Gemeinsam mit der Diakonischen Stiftung Wittekindshof, der Emmaus-Kirchengemeinde, dem Verein Stolpersteine Bad Oeynhausen e.V. und dem Arbeitskreis für Heimatpflege lädt die Stadt Bad Oeynhausen zu einer zentralen Veranstaltung am Holocaust-Gedenktag ein. Im Rahmen der Veranstaltung am 27. Januar möchten die Organisatoren das Gedenken an 40 Menschen aus Bad Oeynhausen, die unter dem NS-Regime deportiert wurden, in den Mittelpunkt stellen.
Ratsmitglieder und verschiedene weitere Bürgerinnen und Bürger stellen die Opfer mit kurzen Sätzen am Gedenkbrunnen vor der Auferstehungskirche vor. Für 34 Personen wurden bereits Stolpersteine zum ständigen Gedenken verlegt. Für sechs weitere sind sie in Planung. Damit soll das Gedenken an jeden einzelnen Menschen, der unschuldig Opfer wurde, zum Ausdruck gebracht werden.
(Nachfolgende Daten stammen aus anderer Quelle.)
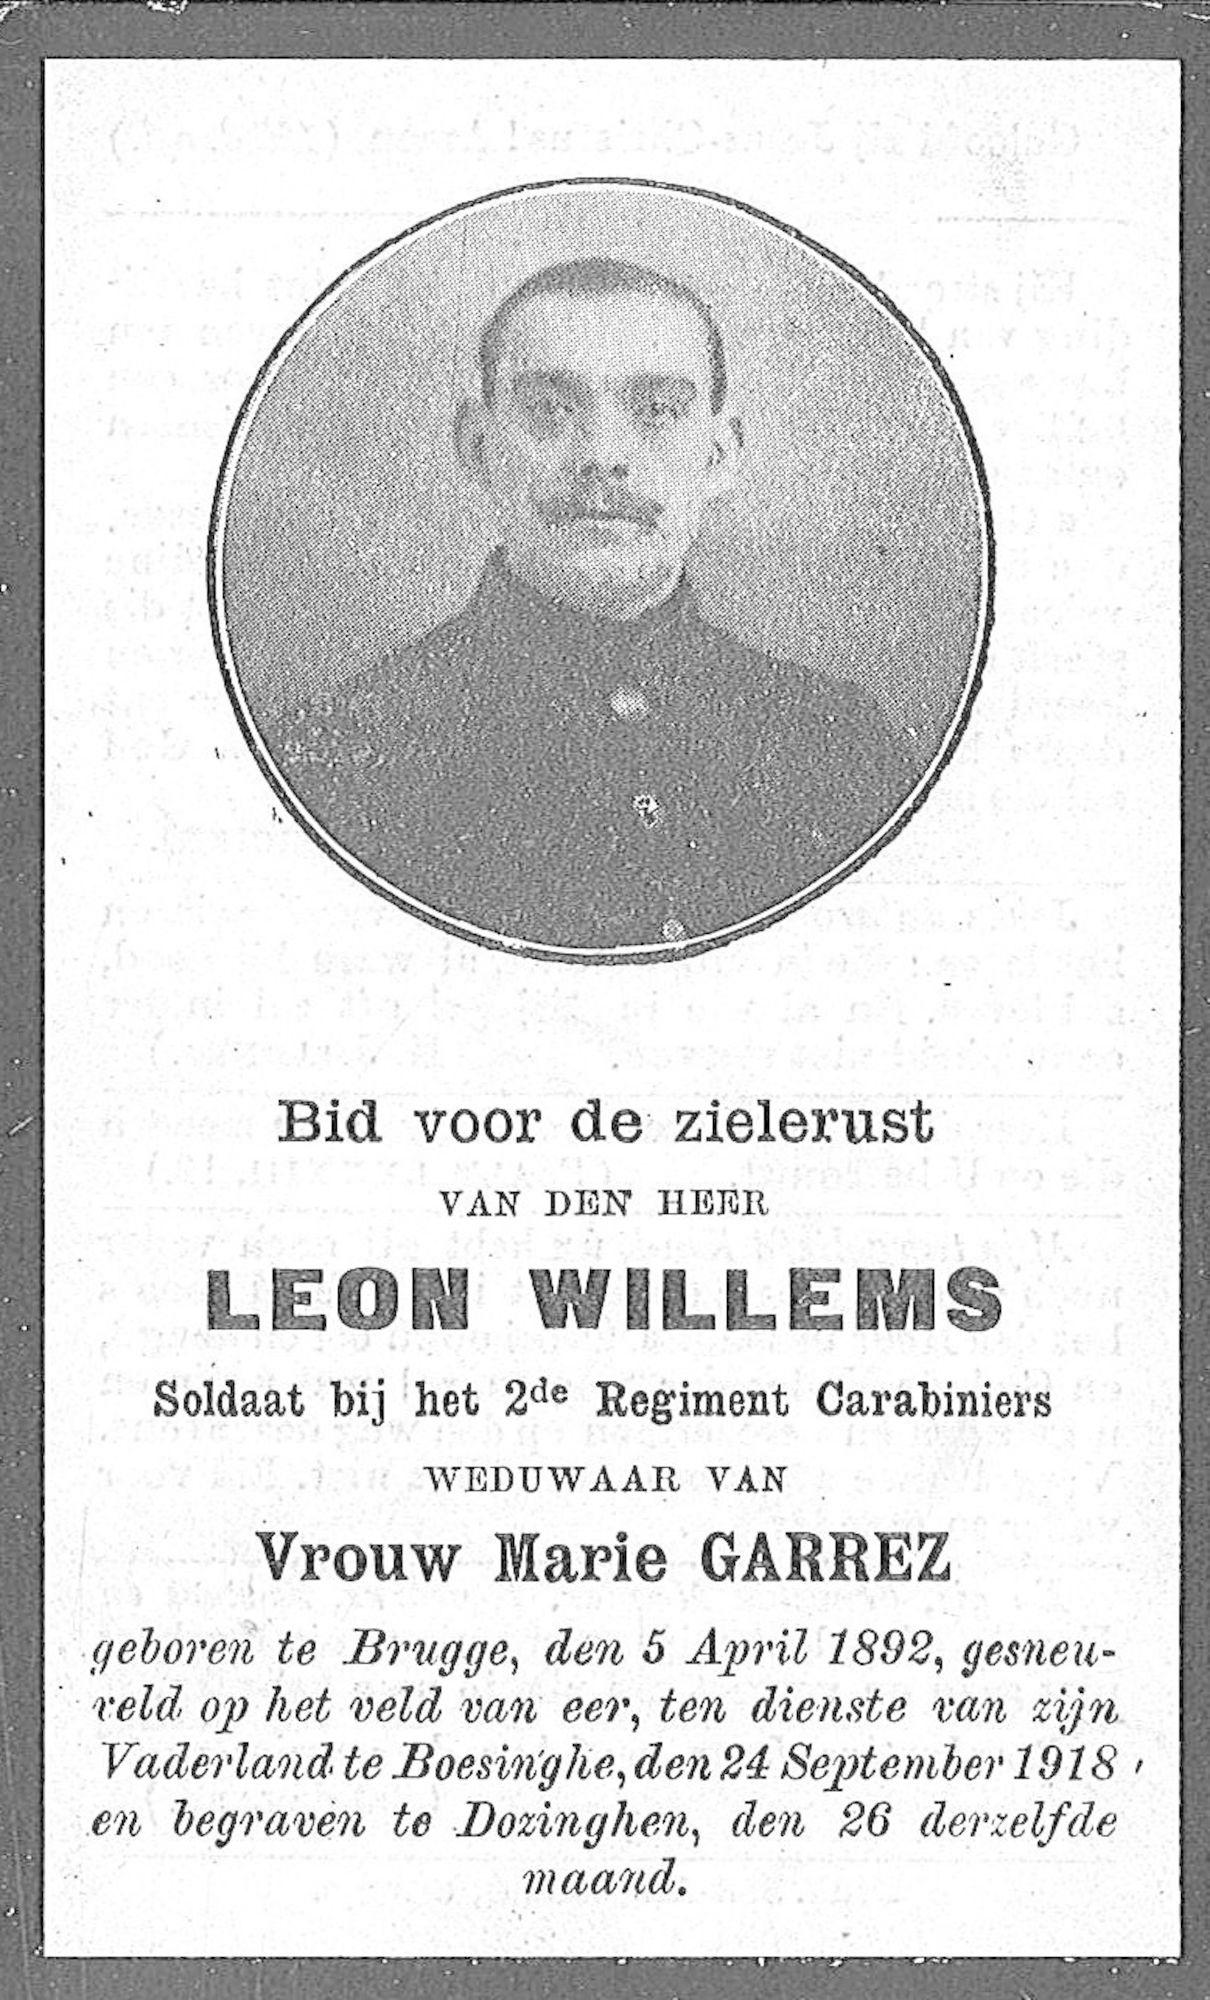 Leon Willems

Der zweite Teil der Veranstaltung in der Auferstehungskirche ist dem literarisch-musikalischen Gedenken gewidmet. Die Organisatoren konnten dafür die Schriftstellerin Marlies Kalbhenn aus Espelkamp gewinnen. Musikalisch umrahmt wird die Lesung durch die Klezmergruppe „Klezwecan“. Die Veranstaltung am Gedenkbrunnen beginnt am 27. Januar um 15:30 Uhr. Direkt im Anschluss gegen 16:15 Uhr beginnt der musikalisch-literarische Teil in der Auferstehungskirche.
Der 27. Januar gilt seit 30 Jahren als gesetzlich verankerter Gedenktag für die Opfer des Nationalsozialismus. 2005 erklärten die Vereinten Nationen ihn zum Internationalen Gedenktag an die Opfer des Holocausts. Historisch markiert der Tag die Befreiung des Konzentrationslagers Auschwitz im Jahr 1945.